Let $a+b\sqrt{2}\in K$ and $a+b\sqrt{2}\neq 0$. If $b=0$, then $a+b\sqrt{2}=a\neq 0$ and $1/a$ is its multiplicative inverse. Therefore, we assume $b\neq 0$, which implies that $a^2-2b^2\neq 0$. Otherwise, if $a^2-2b^2=0$, then $\sqrt{2}=\frac{a}{b}$ which is rational since $a, b$ are rational, which contradicts to the fact that $\sqrt{2}$ is irrational.

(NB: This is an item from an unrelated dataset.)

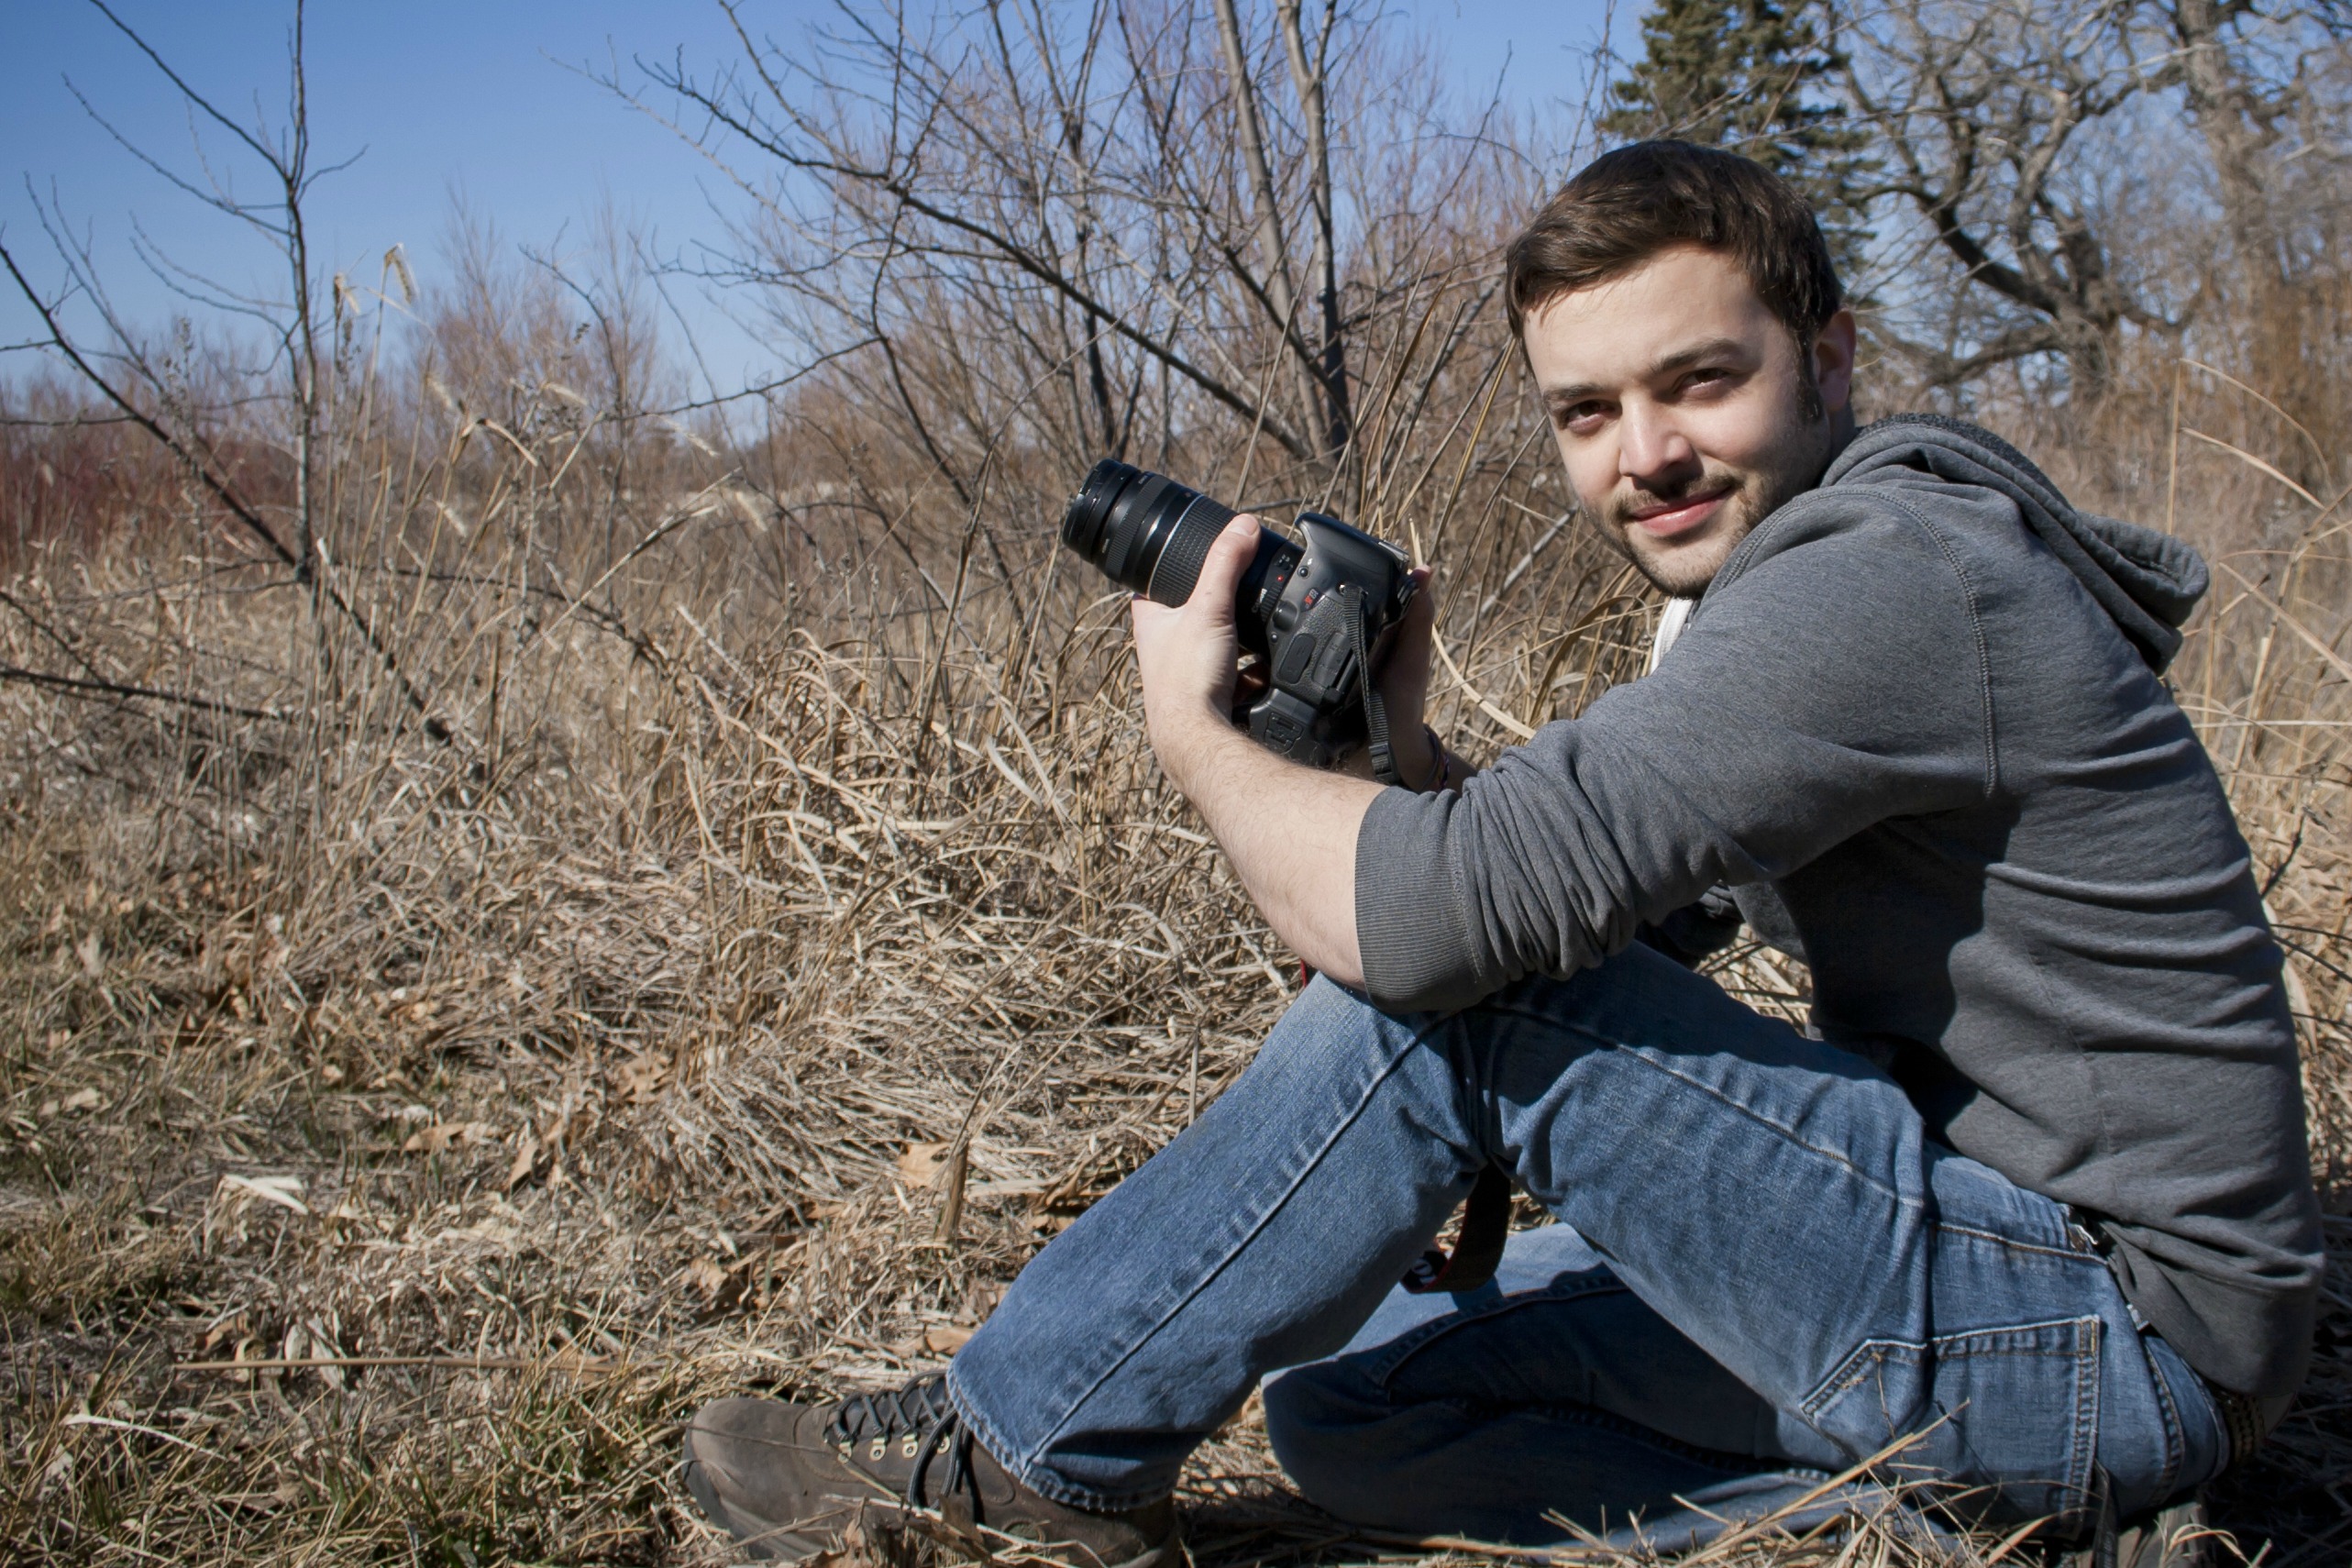 SNR's Nick Manes integrates his love for photography with his natural resources studies.

Define $$\frac{a}{a^2-2b^2}-\frac{b}{a^2-2b^2}\sqrt{2}.$$ First note that it is well-defined because $a^2-2b^2\neq 0$. Moreover, it belongs to $K$ because $\displaystyle\frac{a}{a^2-2b^2},\frac{b}{a^2-2b^2}$ are rational which follows from the fact that $a,b$ are rational numbers. Finally, we have $$(a+b\sqrt{2})\cdot\left(\frac{a}{a^2-2b^2}-\frac{b}{a^2-2b^2}\sqrt{2}\right)=\frac{(a+b\sqrt{2})(a-b\sqrt{2})}{a^2-2b^2}=\frac{a^2-2b^2}{a^2-2b^2}=1.$$ That is to say, $\displaystyle\frac{a}{a^2-2b^2}-\frac{b}{a^2-2b^2}\sqrt{2}$ is the multiplicative inverse of $a+b\sqrt{2}$.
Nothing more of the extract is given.